Guess What? Cooperation Does Not Mean Privilege or Relevancy Are Dead

Here is the big lesson from the latest Biomet opinion over predictive coding:

The Steering Committee wants the whole seed set Biomet used for the algorithm’s initial training. That request reaches well beyond the scope of any permissible discovery by seeking irrelevant or privileged documents used to tell the algorithm what not to find. That the Steering Committee has no right to discover irrelevant or privileged documents seems self-evident.

United States District Court Judge Robert Miller, In re Biomet M2a Magnum Hip Implant Prods. Liab. Litig., 2013 U.S. Dist. LEXIS 172570, at *3 (D. Ind. 2013).

One word: Good.

Cooperation does not mean attorney work product is eviscerated when discussing predictive coding. Moreover, if ESI is not relevant, why drive up discovery costs in reviewing it?  Furthermore, Federal Rule of Civil Procedure Rule 26(b)(1) does not allow a requesting party to find out how the producing party used ESI before its production. Biomet, at *4.

The opinion goes on to discuss Biomet’s position that it had produced all discoverable documents to the Steering Committee. However, this is where Judge Miller made a judicial warning: Biomet did not need to identify its seed set, but the “unexplained lack of cooperation in discovery can lead a court to question why the uncooperative party is hiding something, and such questions can affect the exercise of discretion.” Biomet, at *5-6.

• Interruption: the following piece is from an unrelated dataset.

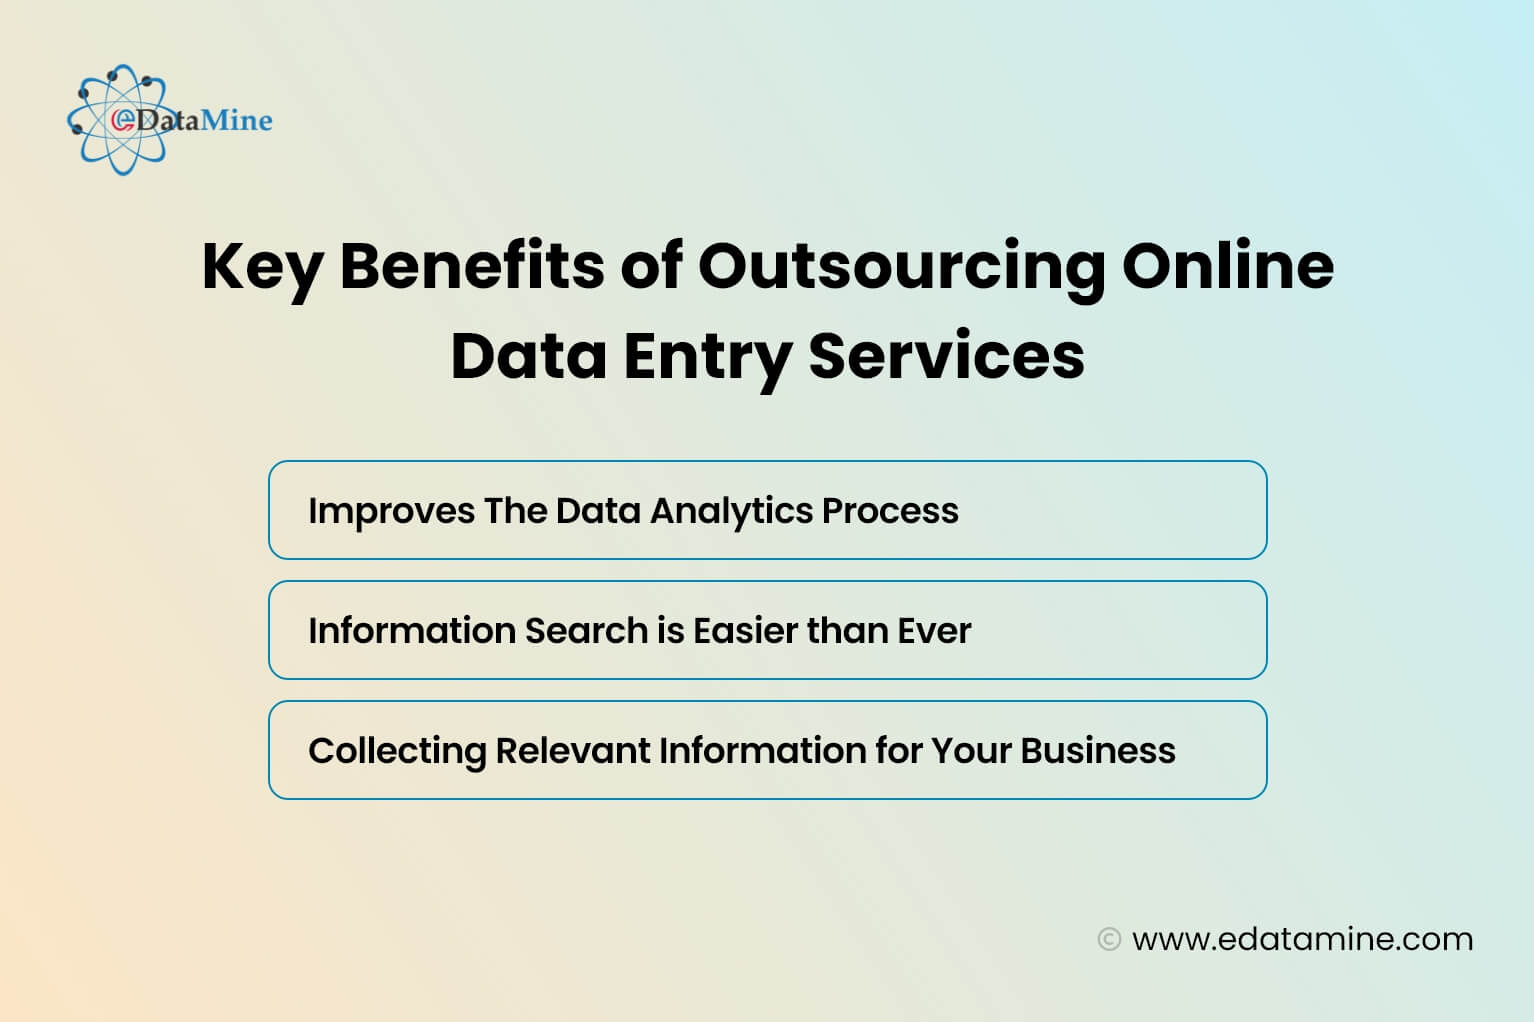 key benefits of outsourcing online data entry services

The Court held it would not order Biomet to disclose its seed set, but did “urge” them to “re-think its refusal.” Biomet, at *6.

Bow Tie Thoughts

There is no good answer to the issue in this case. Technology issues should be worked out by experts in a non-combative way when it comes to production formats, scope of data, date ranges, custodians and other objective factors in conducting a search. Courts really do not want to get sucked into it. However, one issue since Da Silva Moore v Publicis Groupe & MSL Group is the idea that parties need to have transparent process that both sides agree to for predictive coding. I do not think the Federal Rules of Civil Procedure require such disclosures at all. Moreover, it intrudes into attorney work product.

What is the answer? I would offer a requesting party to demonstrate there is a production gap or otherwise show how the production is deficient. This easily escalates into a quagmire over discovery about discovery. No body wins when that happens.

As for a producing party, I would not take a position that could incur the wrath of a Court if the requesting party later demonstrates a production was deficient.